An ERM approach is characterized by standard criteria, interdepartmental communication, and automatic alerts and notifications. It keeps everyone in the organization on the same page and ensures assessment results are always understandable and accessible. This eliminates redundancy in the risk management process. As a result, you can quickly and easily determine the last time your organization evaluated a supplier. Something as simple as a notification that regulators have published new requirements might save your organization from acquiring infected or defective products.

There are three general stages that apply to any successful risk management effort:

  1. Identify specific risks, followed by assessment and evaluation
  2. Implement tailored mitigation activities to address those risks
  3. Monitor those mitigations to ensure long-term effectiveness

The first step serves as the foundation for steps two and three. Without a proper understanding of what risks your organization faces, it is impossible to prioritize and mitigate them. Especially across multiple business departments or within supply chains—it is quite difficult to identify and account for every variable.

To keep up with vendors’ fluctuating conditions, teams need to systematically identify and assess risks, catching them as they crop up. Preventing assessments from becoming obsolete is the key to keeping a pulse on everything that may affect the business, therefore avoiding unwanted surprises.

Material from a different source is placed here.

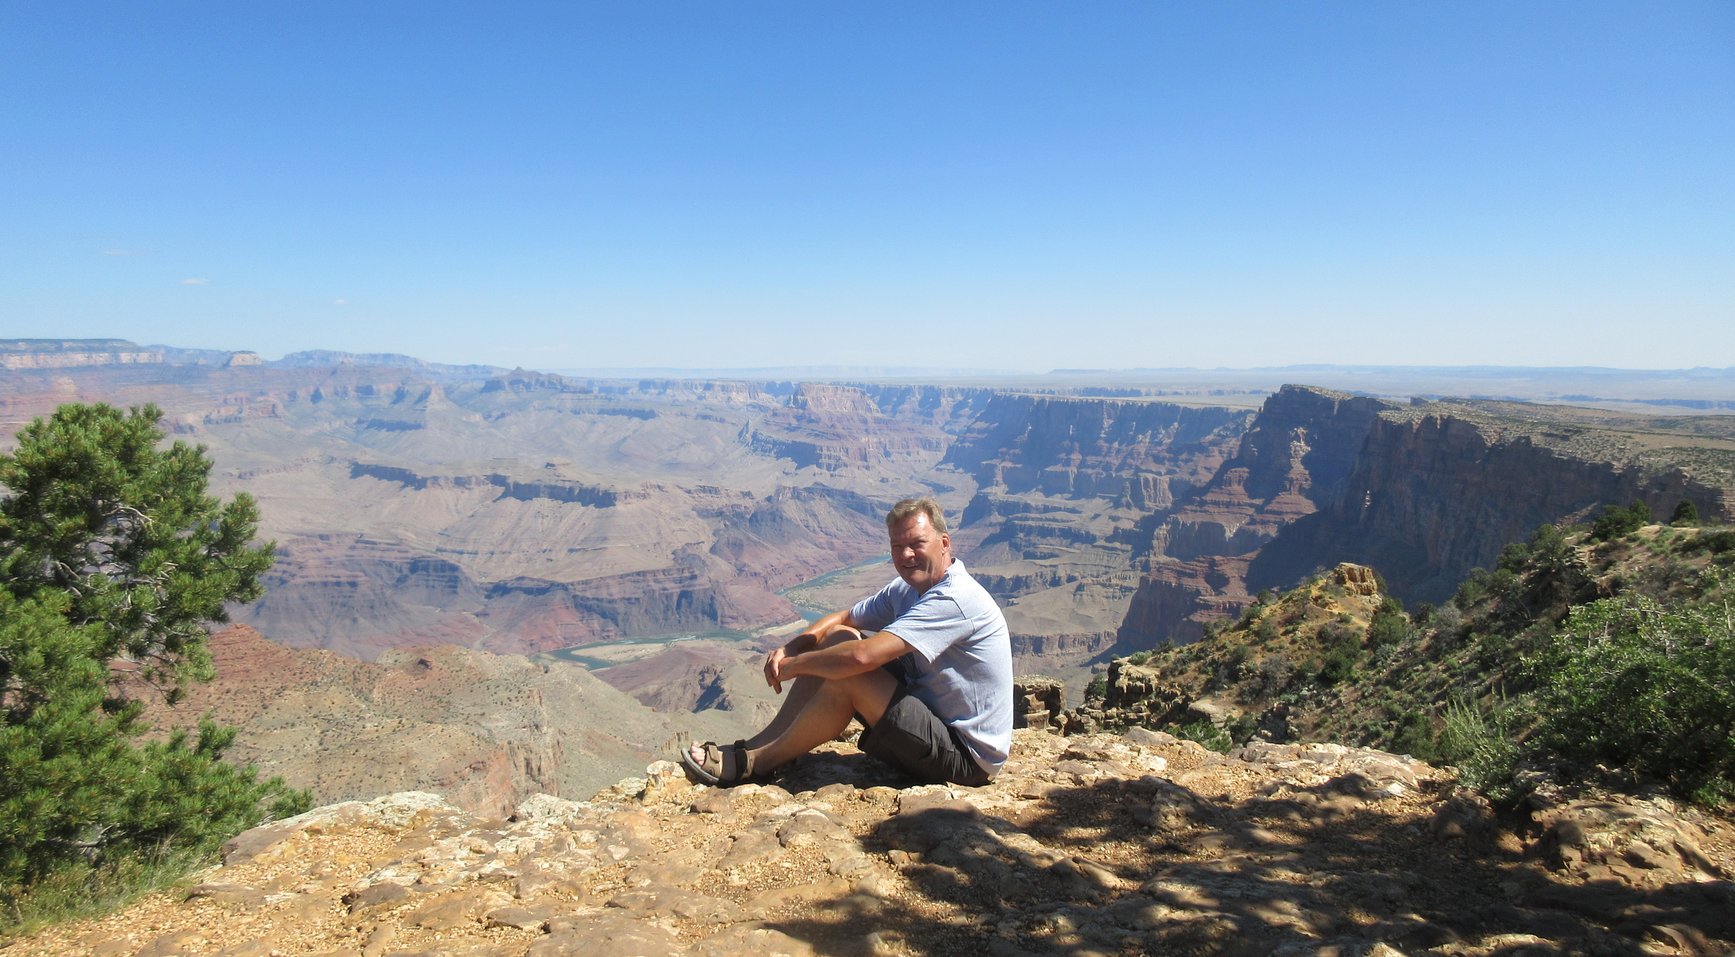 Anders Dandanell Skjødt, Grand Canyon, Arizona, USA. 2019.
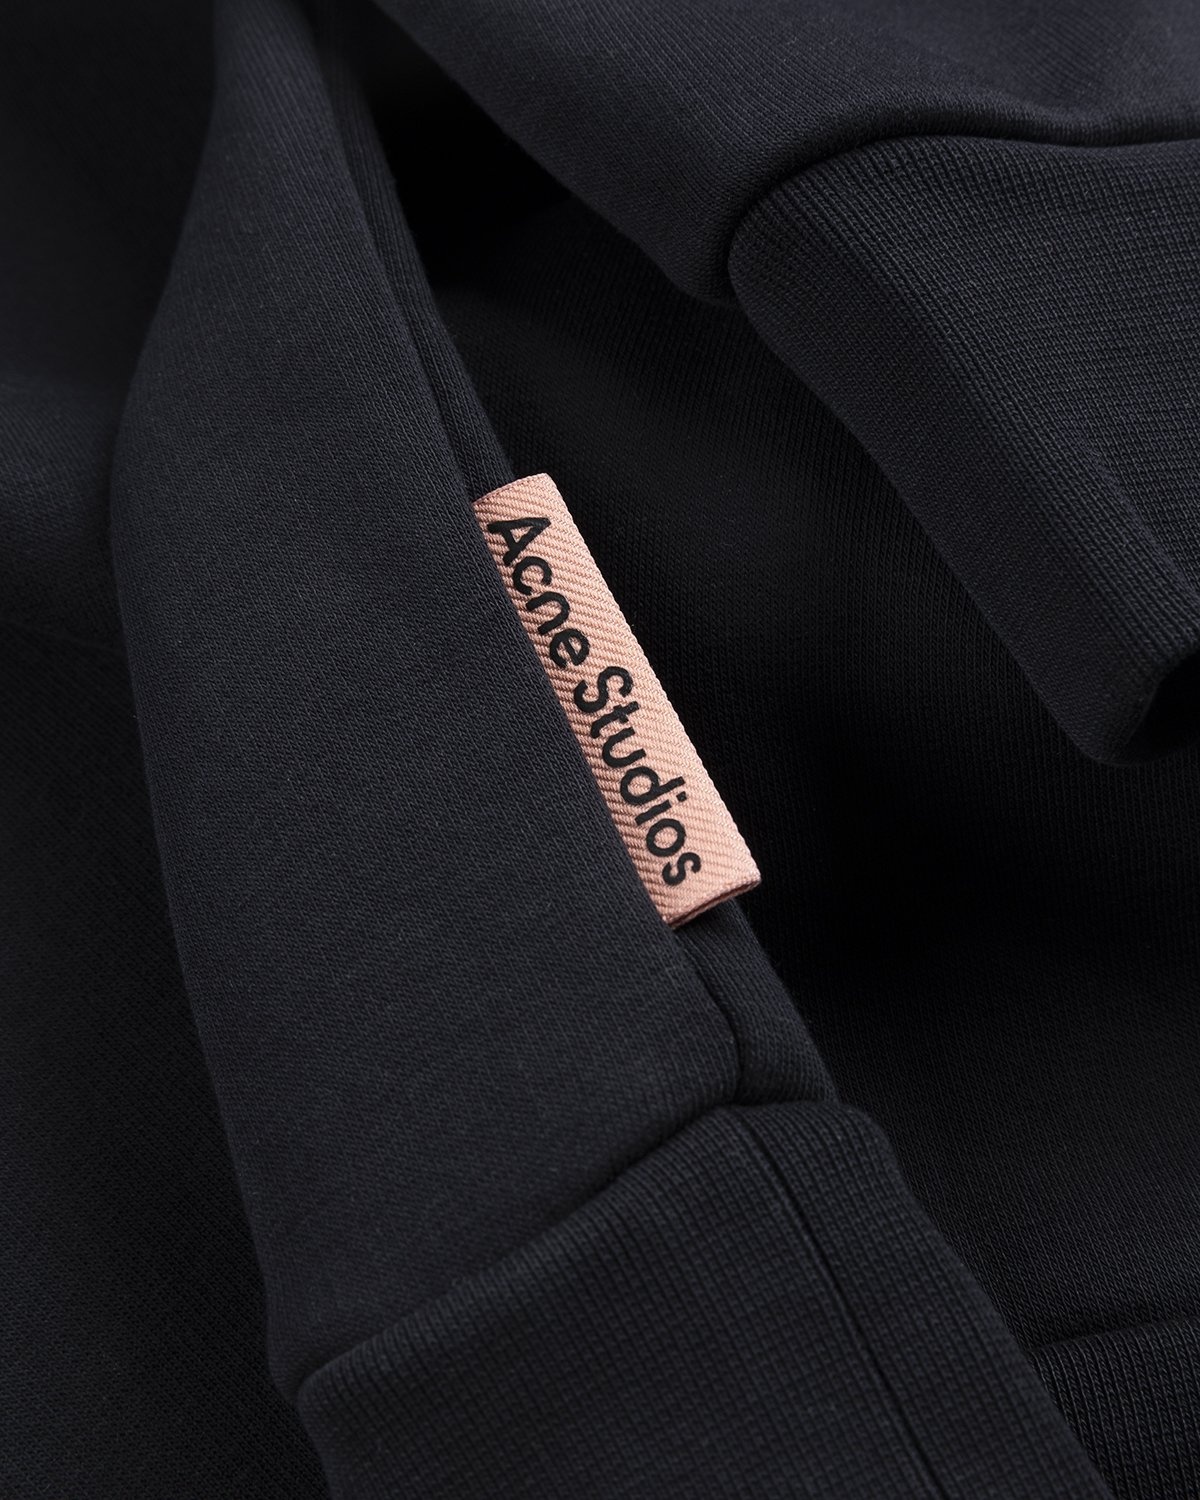 Acne Studios – Brushed Sweatshirt Black - Sweatshirts - Black - Image 4

Risk assessments also help determine the best way to allocate limited resources. Minimizing vendor-related risks needn’t be burdensome, however. It should be a streamlined process that, by enabling you to avoid harmful incidents, improves operational efficiency. Once your risk assessments reveal the areas of highest priority, you can determine exactly how to mitigate those concerns.

The Freedom of Information Act can be extremely helpful when it comes to your third-party risk management efforts. It grants all companies the right to ask vendors for specific information about plant processes, worker training, sanitation practices, and maintenance. Suppliers are required to be forthcoming with all information (when asked), and teams need to take advantage of this opportunity. It is an important part of the risk management equation and will help you understand your risks before disruptions occur.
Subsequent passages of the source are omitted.